The first I knew that I was going to be educated was when my parents asked me if I’d like to go home with my cousins after their summer holiday that year. It must have been 1945, and although the war was still going on elsewhere, our corner of Africa was safe.
‘Really?’ I asked, astonished.
‘Yes, really,’ my father confirmed. ‘Well, you want to go to school, don’t you?’
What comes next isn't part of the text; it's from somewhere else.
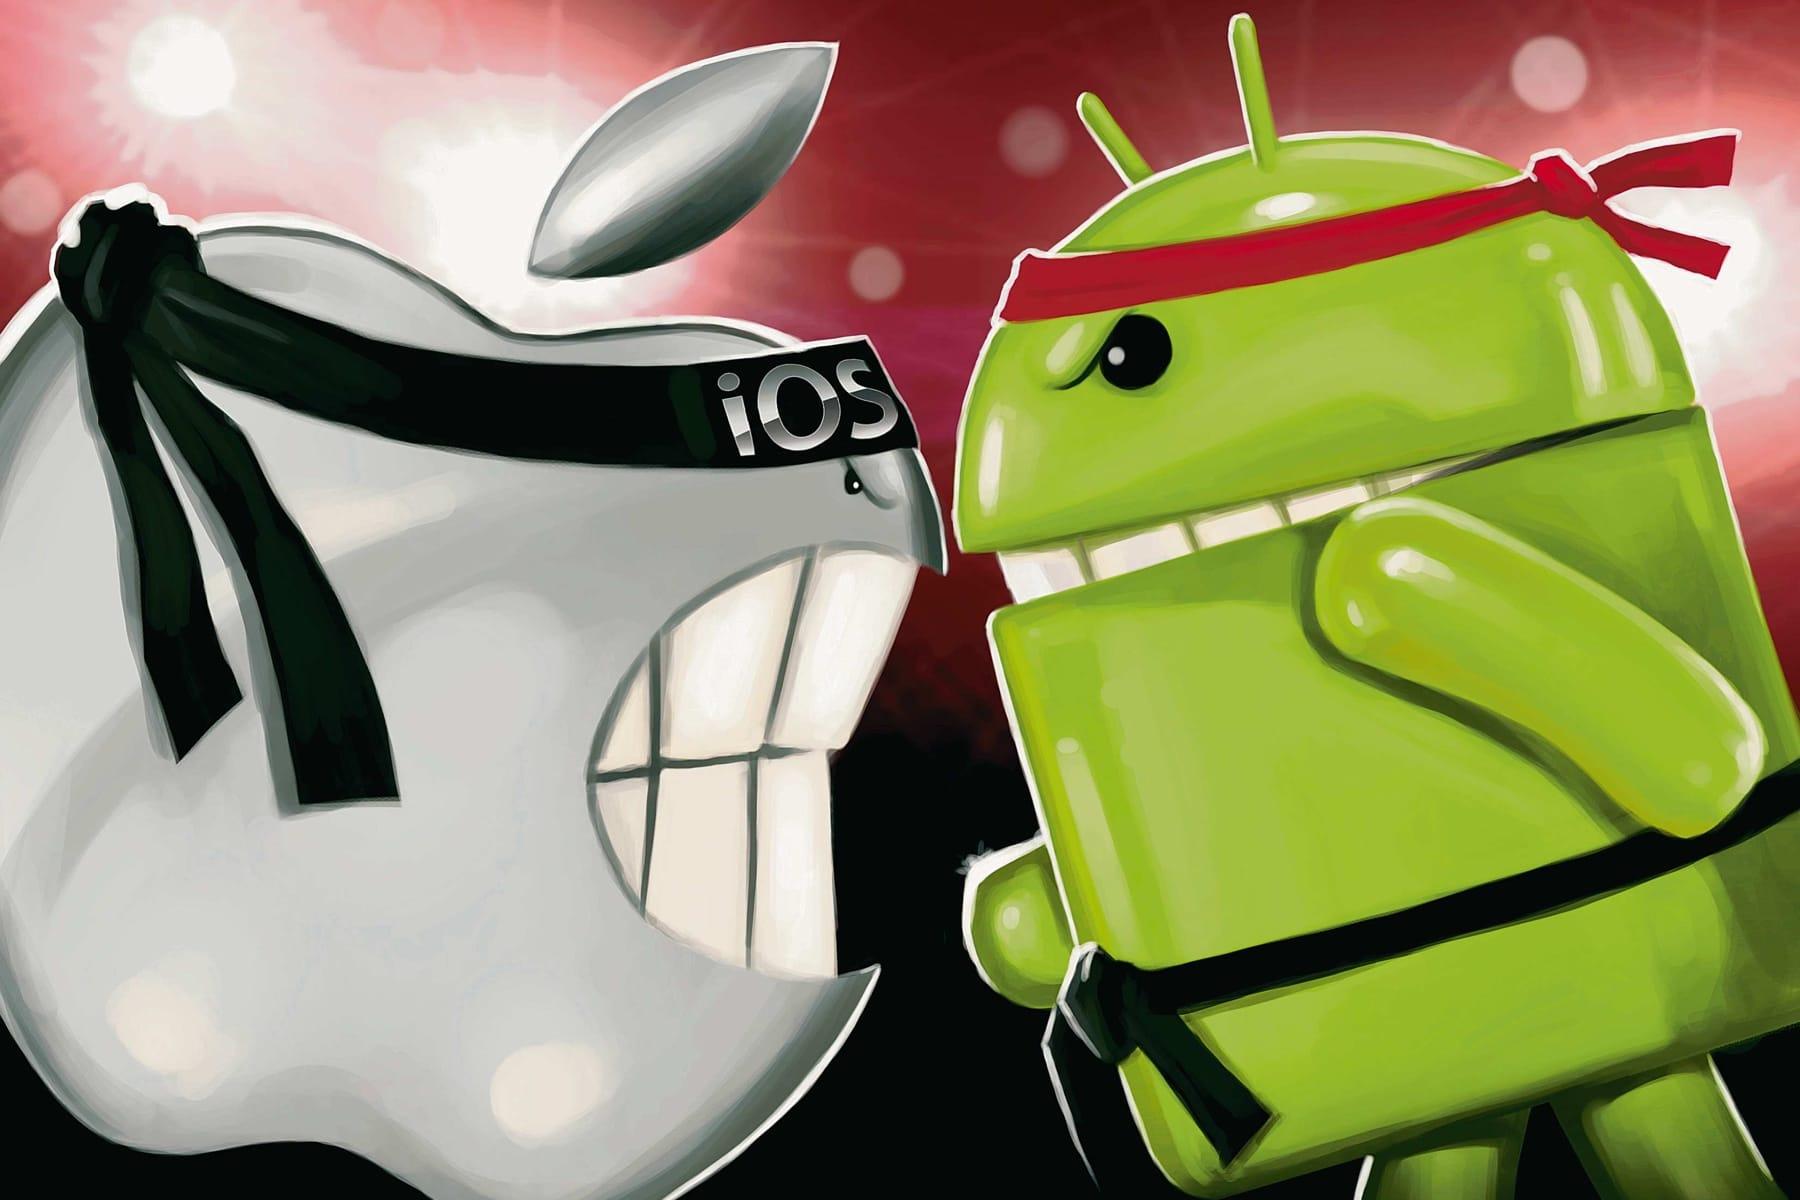 Почему камеру iPhone любят больше, чем Android?

This momentous event happened in my eighth year, which proved to be the most significant of my entire life. Going to a proper school for the first time felt like such a milestone. I had never been out of Somaliland, so from the moment I left my eyes were like saucers at the wonder of it all. To make ends meet, Aunt Cecilia worked as a dressmaker and a teacher in a domestic science school. For extra income, she took me in and, later, my brother Farah. She also homed my cousins Gracie and her brother Maurice – the motherless children of an uncle whose wife had died in childbirth – all of us sharing one large apartment that was permanently filled with music, chatter and noise. My aunt was a most resourceful woman and another powerful role model. She had the energy of twenty horses and her determination helped shape me.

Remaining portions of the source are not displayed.